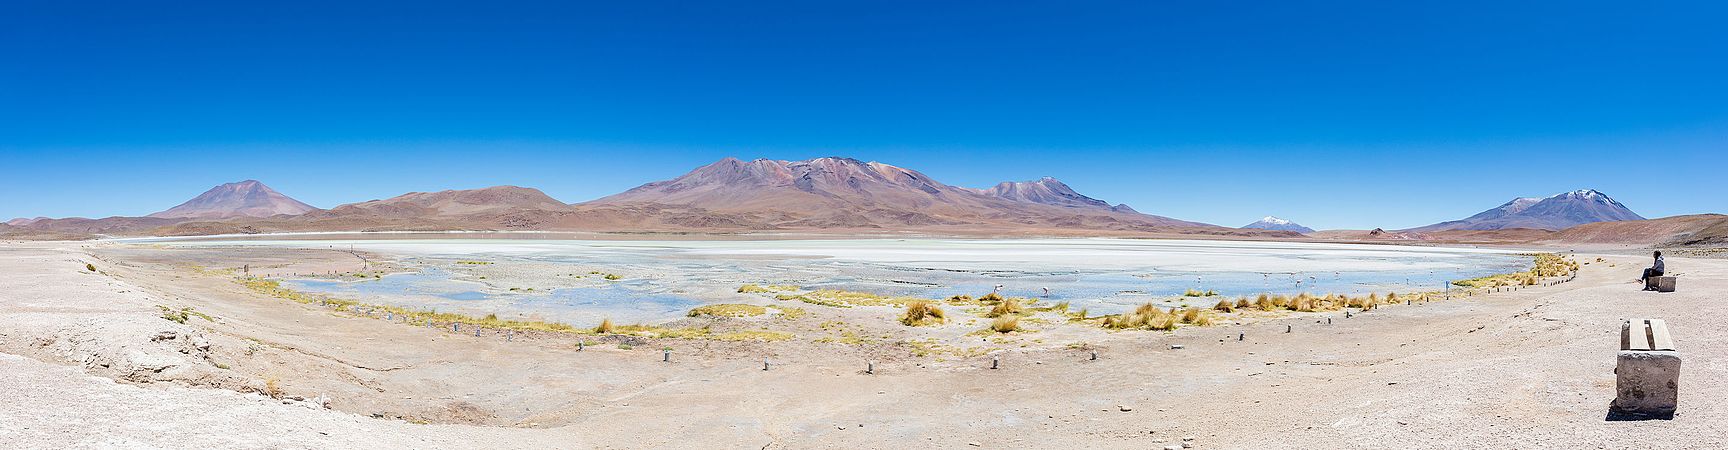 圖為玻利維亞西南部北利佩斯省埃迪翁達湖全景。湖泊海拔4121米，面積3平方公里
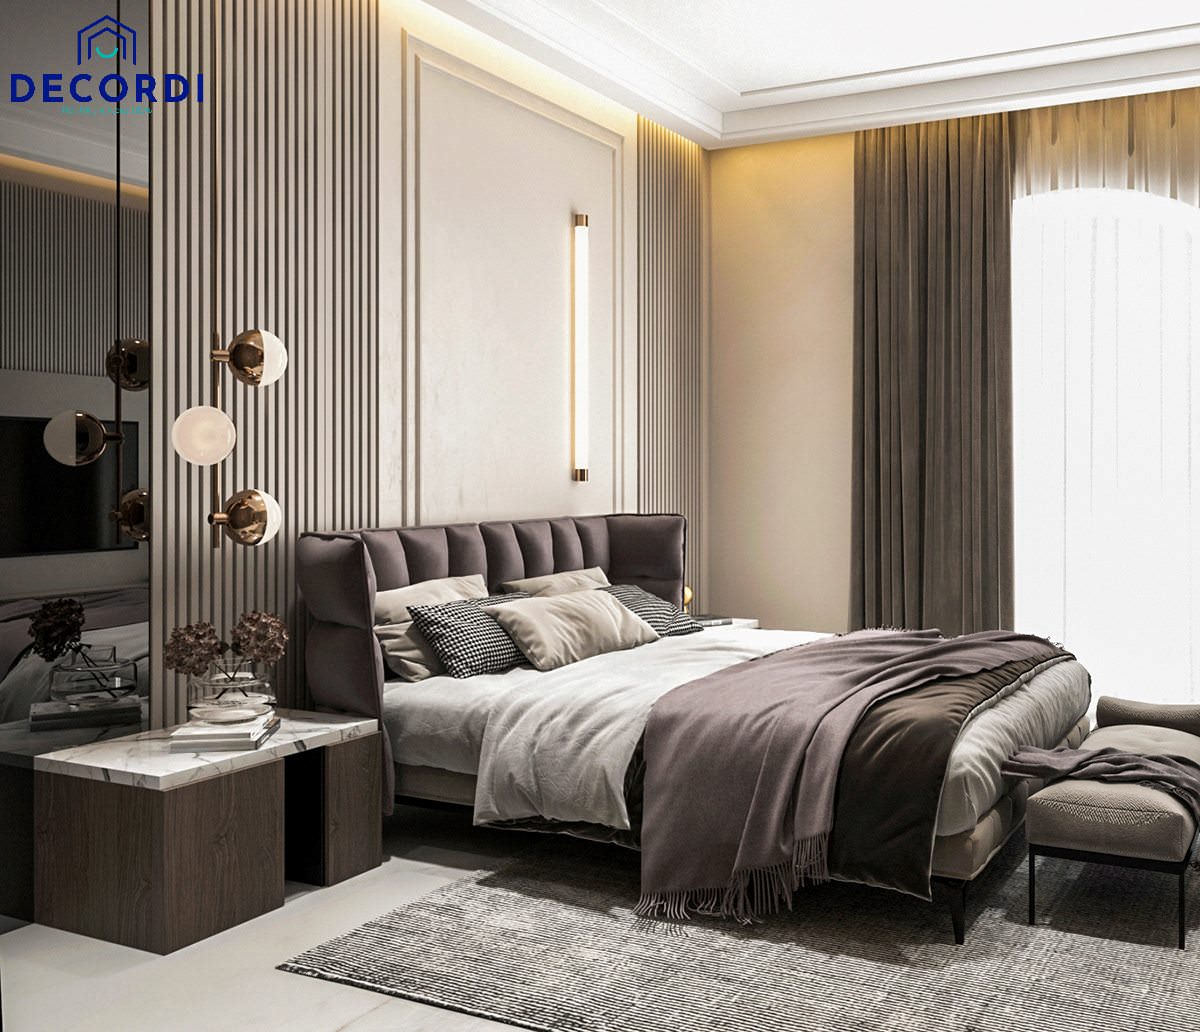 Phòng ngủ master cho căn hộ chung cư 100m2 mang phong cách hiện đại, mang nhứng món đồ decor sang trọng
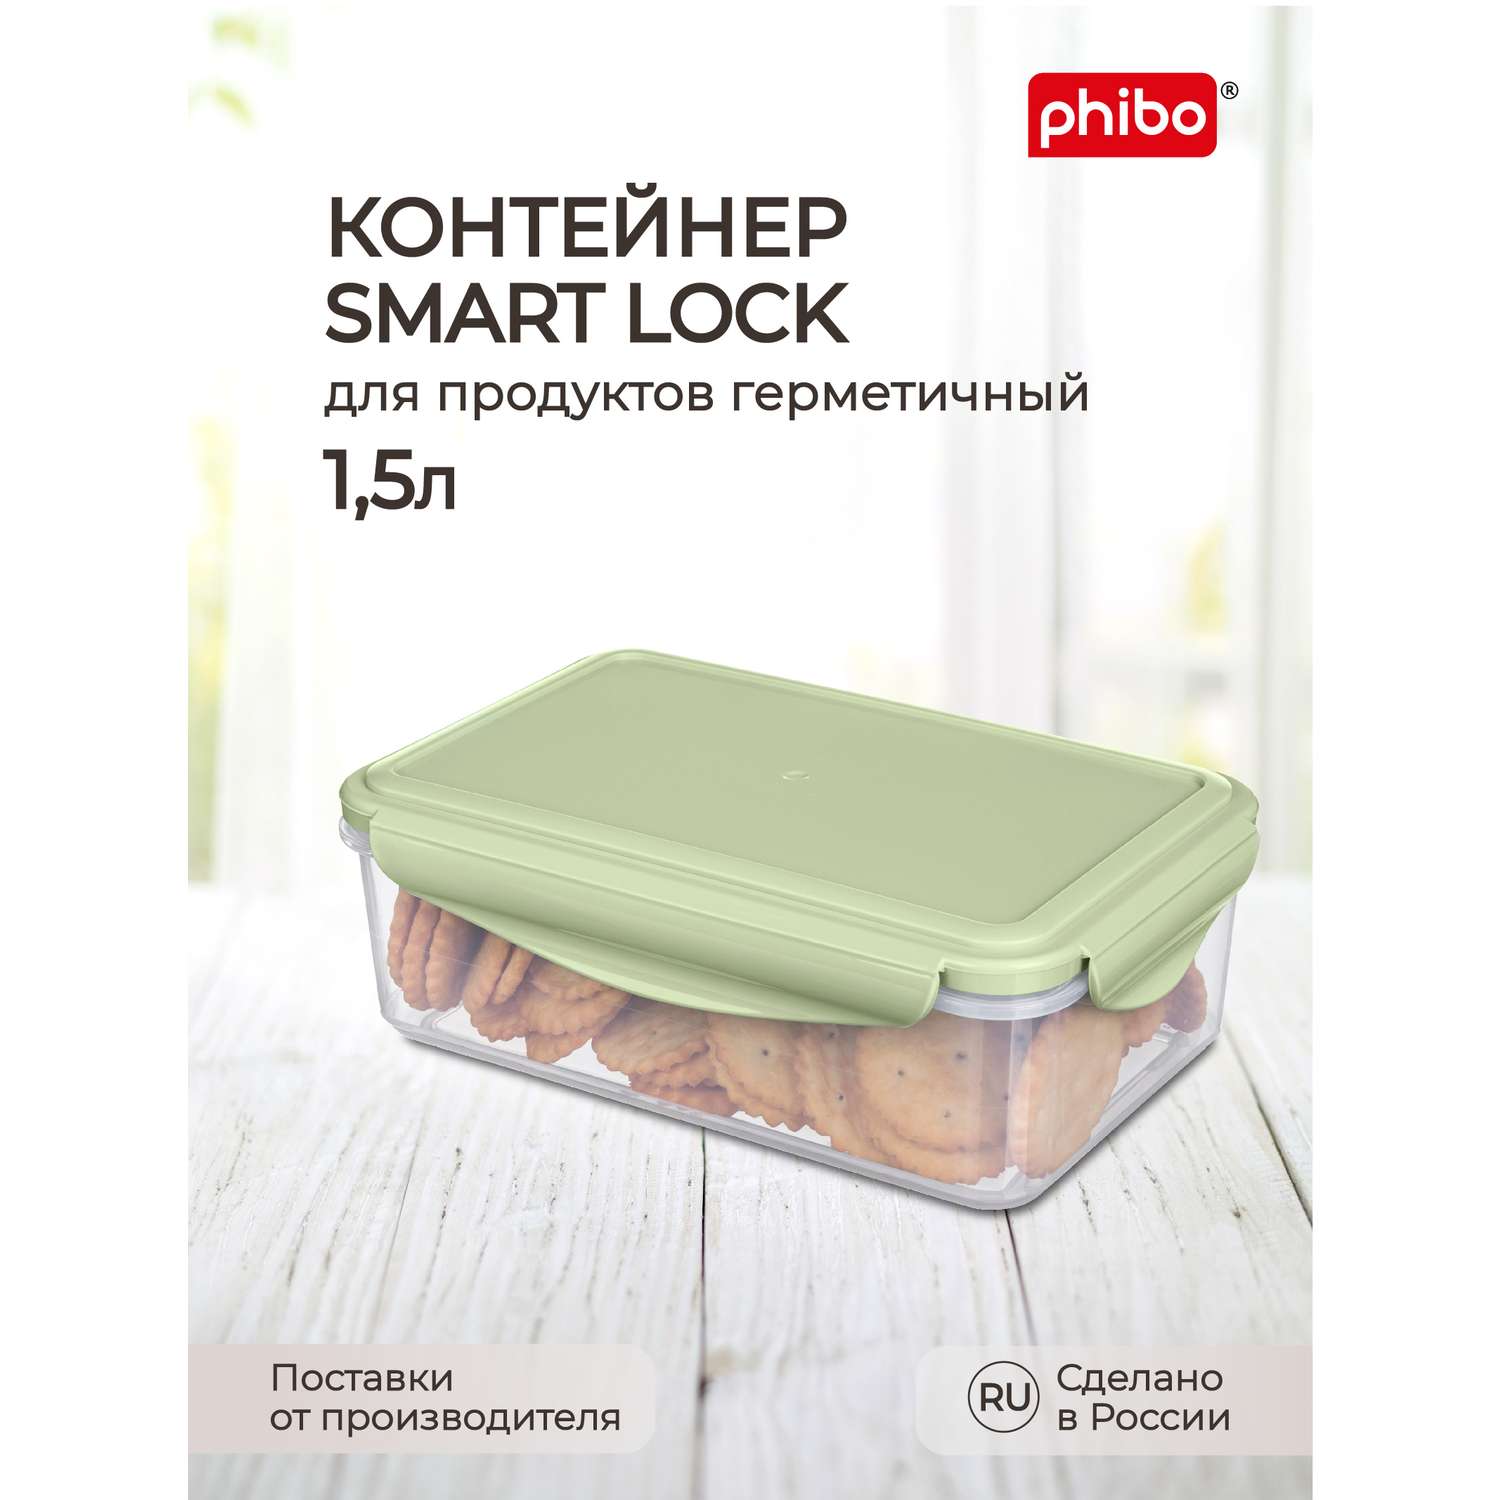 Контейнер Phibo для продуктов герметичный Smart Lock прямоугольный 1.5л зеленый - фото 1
---------------
__Action item__.
Since the listing holds pictures, return everything else in it exactly and omit those.

__Finished task__.
 圖為玻利維亞西南部北利佩斯省埃迪翁達湖全景。湖泊海拔4121米，面積3平方公里
 Phòng ngủ master cho căn hộ chung cư 100m2 mang phong cách hiện đại, mang nhứng món đồ decor sang trọng
 Контейнер Phibo для продуктов герметичный Smart Lock прямоугольный 1.5л зеленый - фото 1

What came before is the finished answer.